Cullen St: The first to establish Nimbin were indigenous Australian people – the land here was considered highly sacred and was used for initiation ceremonies. During the 1800s European settlers came to grow bananas, harvest timber and raise dairy cattle. It wasn’t until the 1970s when another wave of settlers – mainly hippies and students – arrived with the idea that Nimbin would flourish as both a spiritual and tribal town and adhere to organic living, alternative home building and eco-friendly energy sources. For years there was rivalry between them and the previous locals – who fought strongly against the drug culture that the new settlers brought to village – eventually this subsided and they now live in harmony. To this day, it remains a highly spiritual, moderately populated and very non-commercial town. Interestingly, the majority of Nimbin’s inhabitants – over 5000 people – live in the surrounding hills, whilst in the main village the population is around 300.

Nimbin even has its own currency: Nimlets!

Section 2:
Directions:

Walk south until you see the Nimbin Museum, it’s next door to the Rainbow Cafe (one of the side effects of Nimbin’s hippy culture is that they’re not really in to street numbers).

Stopover:

One of the main points of interest along here is the famous Nimbin Museum, which was built by a group of hippies over ten years ago. The idea is that you follow the ‘rainbow serpent path’ from room to room with the notion that you shall be enlightened by what you find – I couldn’t guarantee you that, but it is bizarrely interesting…

Section 3:
Directions:

Head north along Cullen St, almost to the corner with Sibley St and you should see the Hemp Bar on your right (it’s number 51), opposite the supermarket.

Stopover:

Another hotspot in Nimbin is the Hemp Bar – there are many of this nature in the village, but this is the most popular.
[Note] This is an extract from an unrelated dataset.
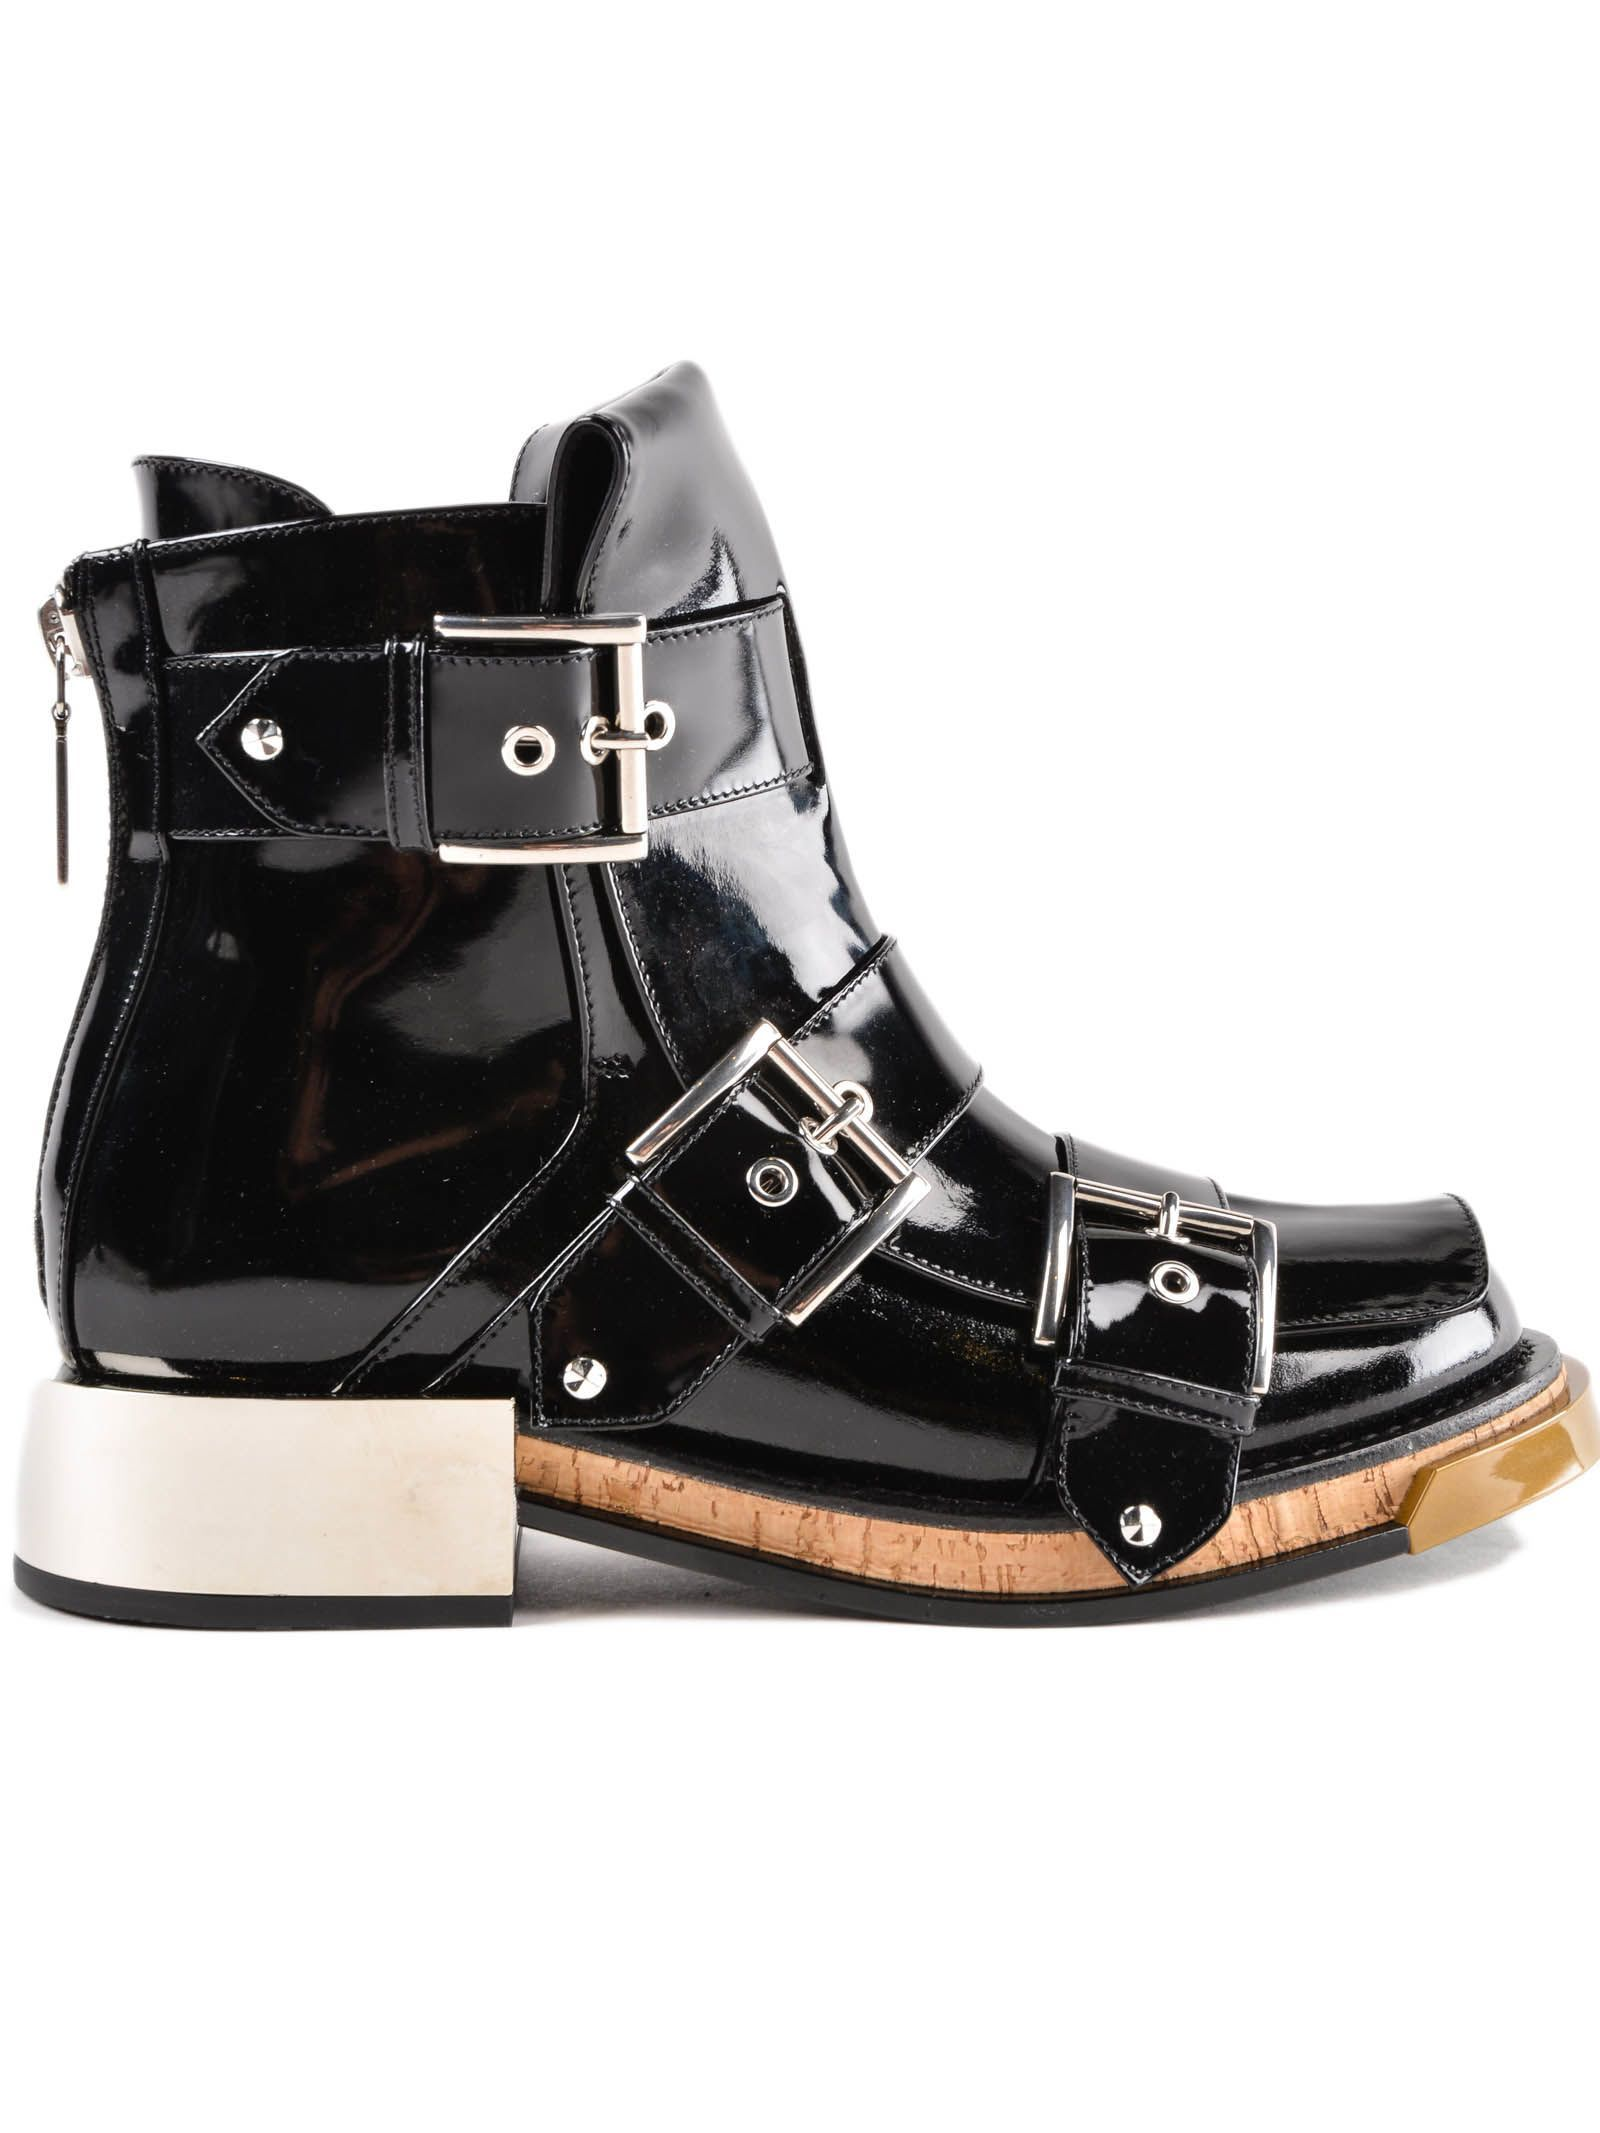 ALEXANDER MCQUEEN | Alexander McQueen Alexander McQueen Biker Boot #Shoes  #Boots #ALEXANDER MCQUEEN

Our tour guide, who had lived in Nimbin for over 40 years, insisted that there was more to the village than the drug culture here. It is undeniably the main reason travellers come here – judging by the number of dealers who approach you on the streets, you’d think it was legal, but it is in fact not and you WILL get arrested if you’re caught! If spliffs, bongs, acid and cookies really aren’t your thing, don’t worry, you are unlikely to be hassled and there’s plenty more to see and experience – but if you’re likely to be upset by being offered drugs to buy, this is probably not the place for you.

Section 4:
Directions:

Head south along Cullen Street until you see the Bush Factory, once a butter factory it is now home to numerous enterprises including the Nimbin Candle Factory.

Stopover:

Other attractions include the Nimbin Candle Factory – located within walking distance of the town – it’s a small but adorable place with friendly staff who will often show you around and show you the process of making candles. There are some weird and wonderful ones you can buy which make for great souvenirs or gifts!

Section 5:
Directions:

Just past the Candle Factory is the Djanbung Permaculture Gardens.

Stopover:

You can easily see the whole of Nimbin in a day, but there are a handful who end up staying a few nights (usually those who enjoy the Hemp Bar a bit too much). There are a couple of hostels you can stay at, including a YHA – there are very limited bus services leaving the village so make sure you don’t miss the last one!

Overall, Nimbin is a strange but charming village, and by far one of the most unique places I have visited in Australia … my verdict? Unmissable!